FourthApp

I'm currently an intern at Mission St. Manufacturing. We're a 3D printing company that's trying to streamline 3D printing. If you're not familiar with 3D printers, imagine building up an object with a hot glue gun, carefully squeezing out layer upon layer of plastic. That is exactly what a 3D printer does.

One of the problems we are fixing is that you have to jump through a ton of hoops to print something. Making a 3D model is hard. Once you have a model you have to turn that into instructions for your printer, and once you have the instructions, you have to actually print them. We hide most of this on our server so nobody has to deal with it.

You can't hide the actual modeling, so we're making tablet apps that make simple 3D modeling really simple. We've got a few in the works. Let's take a look at one that turns your finger drawings into real things that you can hold. Its code name is FourthApp.

First you draw something. It's kind of like Paint. No spray-can, though.

Then you hit print preview. We turn it into a 3D model and send it back down for your perusal:

If it turns out satisfactorily you can choose to print your part:

Which ends up looking like this:

You are, no doubt, curious as to how this all works. I'd love to tell you, but first we need to understand the basics. Namely, what does making a 3D model entail? Conceptually, it's pretty easy - you take a picture, figure out what you want the model to look like, and draw triangles on the model until it's all covered, like this:

This is grabbed from an
open-source program called MeshLab.

Once you have that, you can cut it into thin horizontal slices; then you can write instructions to tell the printer how to move on each layer. This process is called toolpath generation or slicing.

However, the devil is in the details. We tried several different ways of making models, which can be lumped into one of two categories: path-based and image-based.

We started with a path-based method, which works like this: we track the path the finger traces across the screen. Then we draw two paths on either side, marking the bottom edges of the model. Then we play connect-the-dots and make the triangles for the bottom face. Next we make a copy of the bottom and move it up to make the top face. Finally, we connect the top and bottom faces to each other to make the sides. Ta-da!

This runs into some problems, though, when the path crosses over itself. We end up with some triangles inside the model! The internal triangles make it hard to determine the border of each slice. This really messes with your toolpaths. We decided to try to detect the self-intersections. This worked by checking each edge against each other edge to see if they crossed. This is slow - when you start drawing complex pictures, the brush noticeably lags behind your finger as we accumulate more edges to check.

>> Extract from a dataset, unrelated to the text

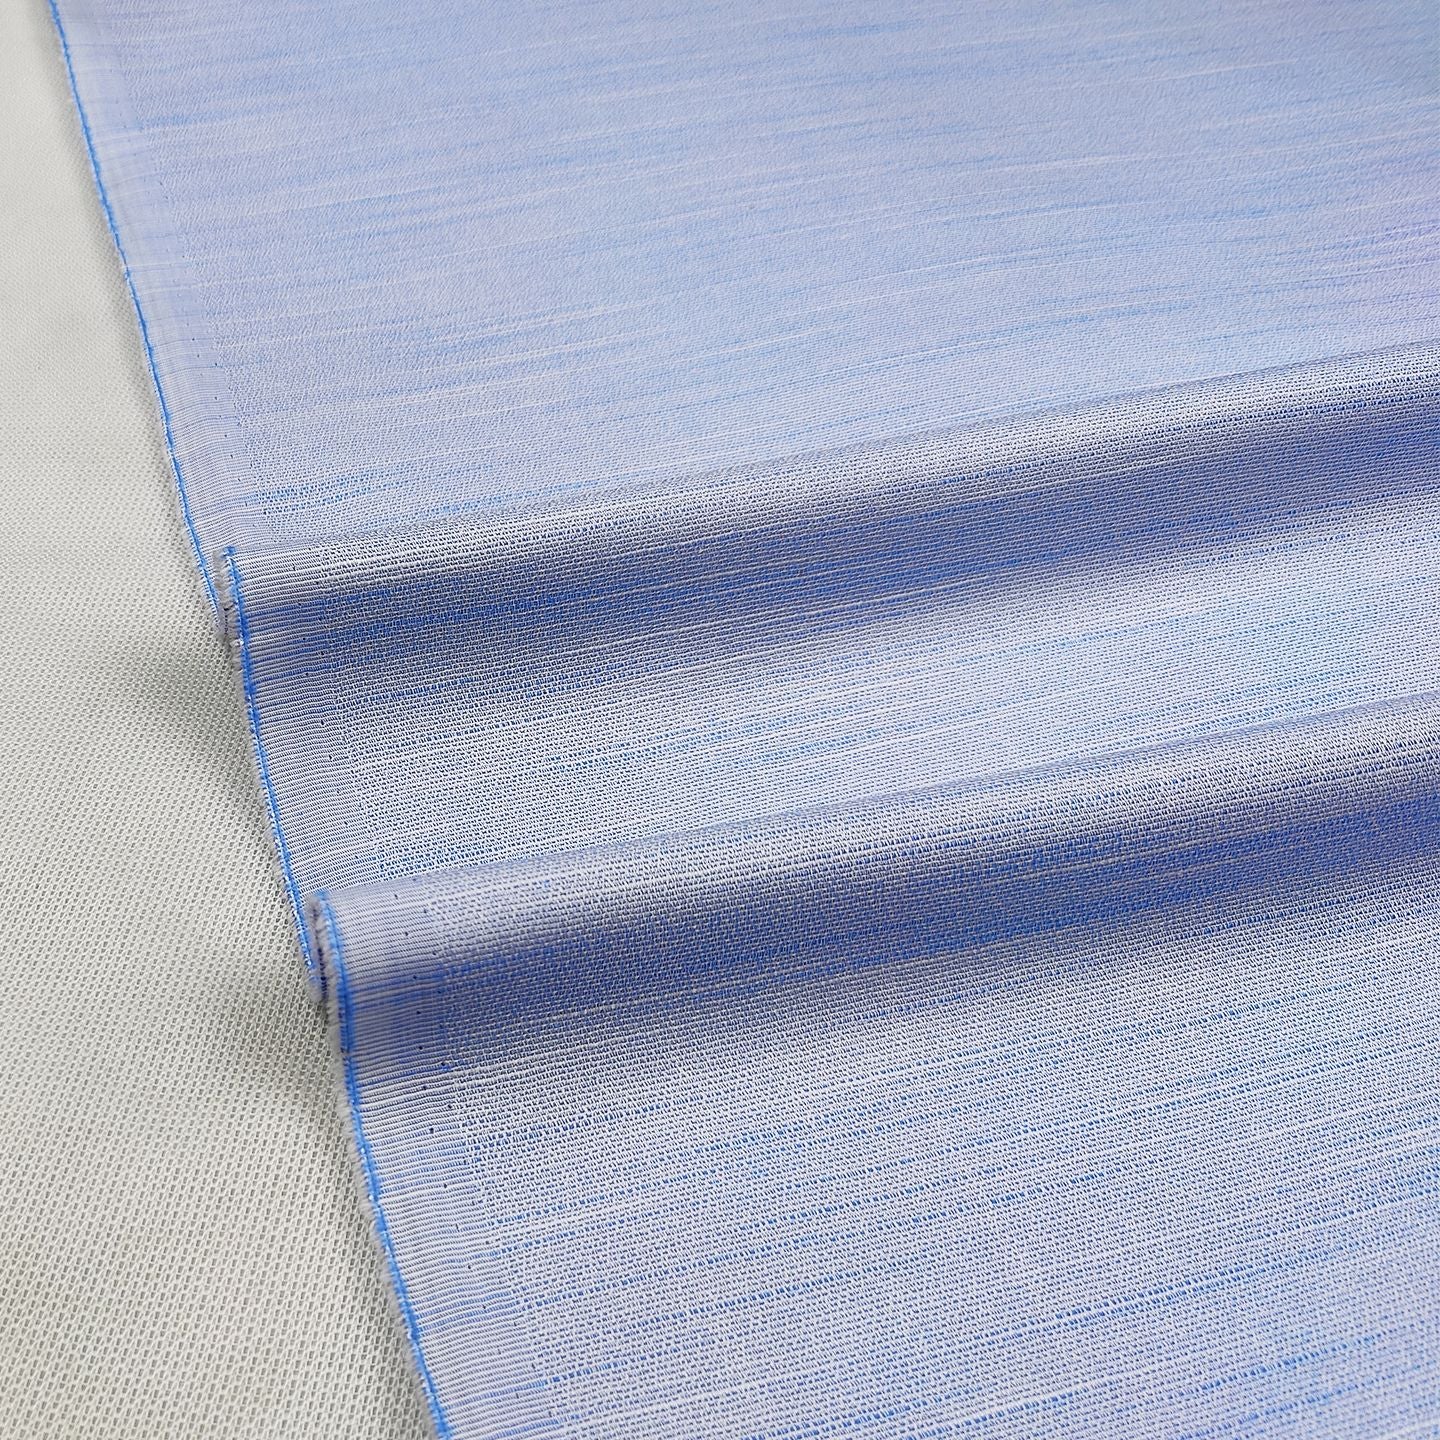 Self Blue Lining Irish kameez shalwar Fabric with Buttons & label

While trying to fix the code we started thinking about other approaches. What if we took a screenshot and turned that into a 3D model? We'd avoid the self-intersecting paths altogether - once you have painted an area black, it doesn't matter if you go over it again. It will still be black. It will be black until the end-times, no matter how many times you draw over it. This was really exciting! So we started hacking on it.

Soon we had something that kind of worked. The idea is pretty simple: you look at each pixel in the picture, keeping track of how dark each pixel is. This will correspond to height later. Each pixel has a 2D position already. You can put that together with the heights you just found to get a bunch of 3D points. Then you draw a bunch of triangles in a giant game of connect-the-three-dimensional-dots, and voila! You have a 3D model!

This method makes a lot of triangles. In fact, it makes about 10 times as many as the last one. This means it's 10 times bigger, 10 times harder to send over the Internet, 10 times harder to slice. To alleviate these problems, we shrunk down the resolution of the images, but ran into another snag: at such low resolutions, the beautiful, organic curves (sensuous, even) that people were drawing became jagged pixelated blocks. That can be helpful if you are trying to print out characters from Super Mario, but that's not exactly what we want. We tried to find a happy medium between slow and pretty, but it wasn't there.

Now we've hacked together another solution. The benefit of the path-based approach is that the model itself is much smaller and simpler; the benefit of the image-based approach is that we don't have to deal with self-intersecting curves. A hybrid solution gets us both of these. The app sends us a picture of what the user has drawn. Then we use a nice program called potrace to trace the edges of the drawing. From there, we connect the dots and get a model which is as simple and smooth as a path-based one without any of the self-intersection issues.

Of course, there's still ways to improve. I'm working on an extension to this hybrid method that will let you use different shades of grey in your drawing to indicate different thicknesses. We can trace those edges with potrace to get the profile of each slice. Then we can stack them on top of each other to create the model. This lets you make things that are bumpy on top. You'd really be getting somewhere.

Astute readers may notice that we don't need to turn the picture into triangles to make toolpaths. All the printer does is fill in one horizontal slice of the object and move up, so if we know what each slice looks like we can make toolpaths straight from that. Luckily, the different levels of grey represent exactly that! Instead of stacking the slices, turning that into triangles, then slicing up the triangles again, we can skip that middle step. This business of translating between slices and triangles gets into deep waters very quickly, though, and deserves its own post.